Photo by Matt Walsh on Unsplash

In this post, I will try to give an intuition about uncertainty in Deep Learning models instead of explaining these uncertainties in depth. They will be explained in the next parts using TensorFlow Probability.

There will be series of articles which I will explain those terms and show TFP implementations.

First, What is Uncertainty?

Uncertainty can be defined as the lack of knowledge or certainty about something. It is an unavoidable part of life and omnipresent in both natural and artificial systems.

In the context of Deep Learning there are two main types of uncertainties:

  • 1) Aleatoric Uncertainty: This is uncertainty due to the randomness in the data.
  • 2) Epistemic Uncertainty: This is uncertainty due to the lack of knowledge about the true parameters of the model.
Example of uncertainty in the predictions. Image by author

When we train our deep learning models, we employ Maximum Likelihood Estimation (MLE).

In a nutshell, MLE is a method of estimating the parameters of a statistical model from a set of data. It is a technique that finds the value of the parameters that produces the best possible match between the data and the model.

In other words, we search for weights that explains the data well. Or, given the data I have, what are the optimal weights? This is a classic optimization problem and it is a stochastic process. But the question is, are there multiple set of weights that explains data well?

Basic Linear Regression

First, we create a linear data with some random noise.

Image by author.

Given the data we have, there should be different model combinations. First let’s define a utility function. This function will take 3 separate models and train them using same loss and optimizer. Then it will print the prediction result for 15, and plot the lines.

We actually did not need relu activations as the dataset is linear. I was experimenting some models and their final form had relu so I did not remove them in the end.

As you can recognize, every model has a different starting point because the initializers are different.
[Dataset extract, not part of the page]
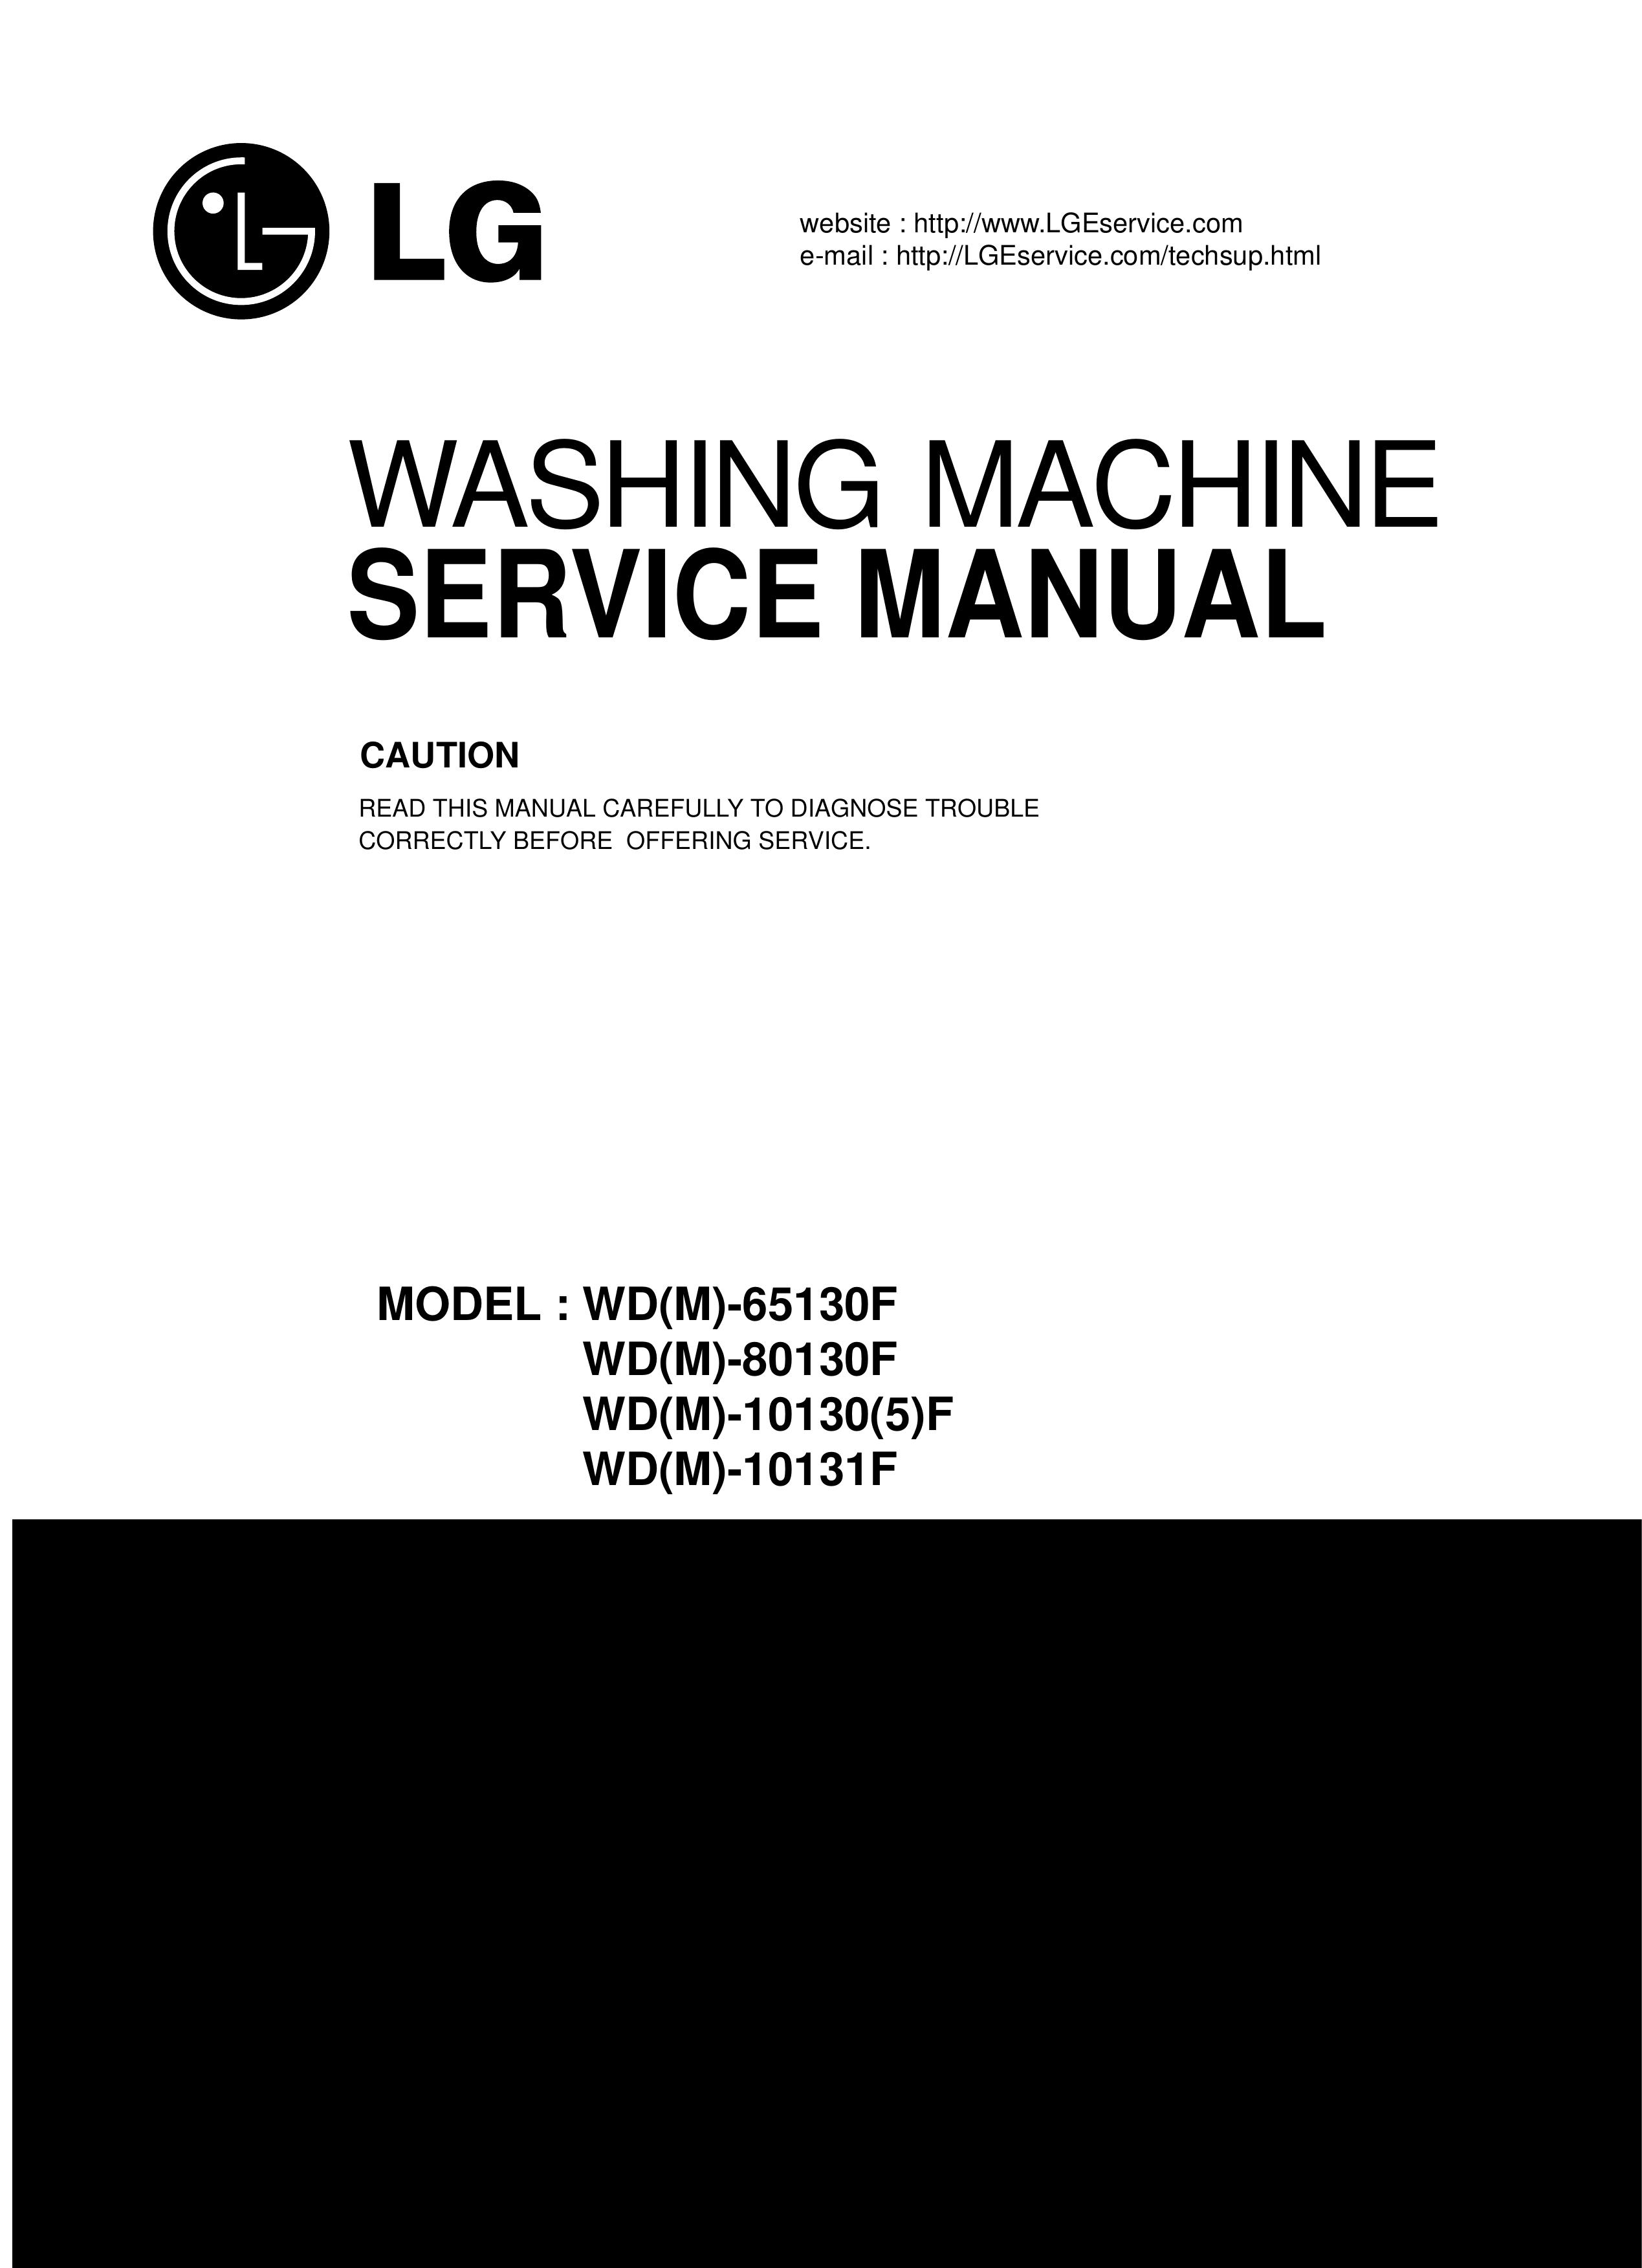 LG Electronics WD(M)-65130F Washer User Manual

Thus, the learnt weights should be different but not that much different.

When we run the script above we will get:

Model1: Prediction for 15: [[31.22317]]
Model2: Prediction for 15: [[30.969236]]
Model3: Prediction for 15: [[31.227913]]
Images by author

All of the lines seem reasonable, even though the learnt weights are different. That’s an uncertainty, there is more than one model to explain the given data depending on the starting point. In other words, the weights are not certain!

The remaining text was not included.